Similarly, it’s time to end the excuses, such as one group of health care workers implying the problem lies in another group. Likewise, the old argument that health care workers are too busy to disinfect their hands between patients is a nonstarter.

"We have all kinds of reasons why this is OK," Larson told attendees. "I hear this all of the time. We expect the public to understand how important our work is. We have emergency after emergency and it’s so important we have legitimate excuses for failing to perform routine tasks."

But patients and the lay press — who are becoming more aware of the problem of hospital-associated infections — find the old explanations rather astonishing.

"People look at you like you were speaking another language. It does not make sense," Larson added. "We would never tolerate a pilot [saying he or she was] too distracted, too tired . . . to assure that all systems are functioning before a flight."

Yet another observational research paper documenting failed compliance is not what is needed, she added.

"Those of us who are doing research sometimes distance ourselves by merely saying, Ok. I published it. It’s out there. It’s up to you.’ That’s not acceptable. We cannot beg away from our own responsibility," Larson explained.

That responsibility extends beyond caregivers to top administration, which is sensitive to the issue of Joint Commission accreditation problems.

"Stop just doing surveillance and recording the problem, and start really taking more of a leadership role," Larson said forthrightly at the conference. "I am speaking to every one of you. Every one of you in the back row — every one of you here — grasp the power that really is yours and you are not necessarily using. Start making administrative and systems changes to assure patient safety," she stressed.

Larson advocated creation of a patient safety "NET," basing the acronym on the phrase "No Excuses/No Tolerance."

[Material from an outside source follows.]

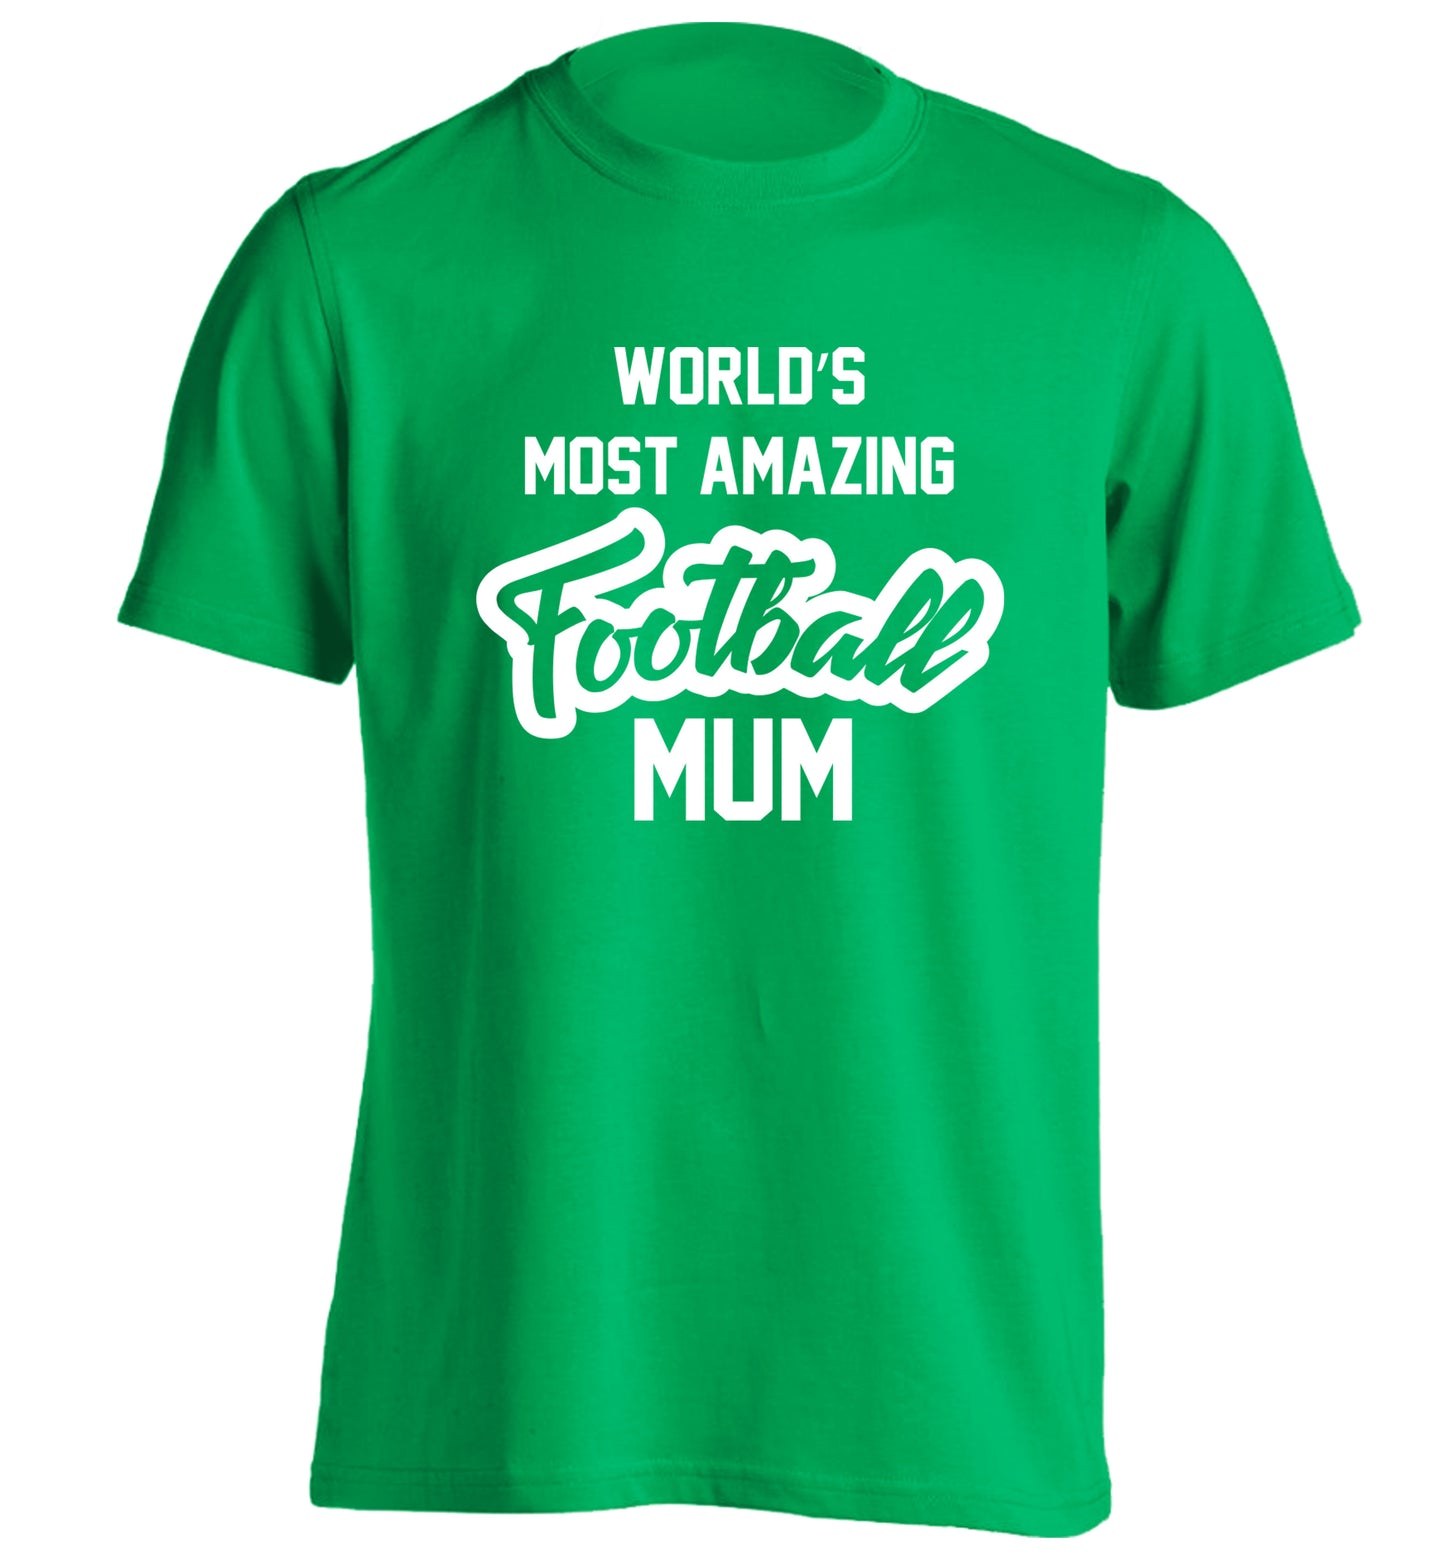 Worlds most amazing football mum adults unisexgreen Tshirt 2XL

"This NET strategy would represent a safety net to reduce health care-associated infections," she said. "I know that none of us can do it alone. On the other hand, we can do a lot more than we think we can and a lot more than we are doing. We have got to get the commitment [from top administration]," Larson continued.

"Our constituency is no longer the staff nurse working in the ICU. It is the top administration where you work, through all levels of staff to implement best practices," she pointed out.

In that regard, the Joint Commission may have done infection control a big favor in changing the default mode from acceptance of noncompliance to expectation of full compliance. While tough-minded, the approach need not lapse into the typical blame-and-shame medical error mode, she noted. "We don’t always do what we are supposed to do, either. We need to help each other, not in a punitive way, but by changing the culture so that the expectation is that you do the right thing and you do it all the time.

"If you don’t do it, you fess up, you fix it, and you move on. We need to empower every staff member to make it happen and correct it when it doesn’t," Larson added.

(Editor’s note: For the complete CDC hand hygiene guidelines and associated materials, go to www.cdc.gov/handhygiene.)

References

  1. Centers for Disease Control and Prevention. Guideline for hand hygiene in health care settings: Recommendations of the Healthcare Infection Control Practices Advisory Committee and the HICPAC/SHEA/APIC/IDSA Hand Hygiene Task Force. MMWR 2002; 51(RR16):1-44.
  2. Huskins WC, Goldmann DA. Controlling methicillin-resistant Staphylococcus aureus, aka Superbug.’ Lancet 2005; 365(9,456):273-275.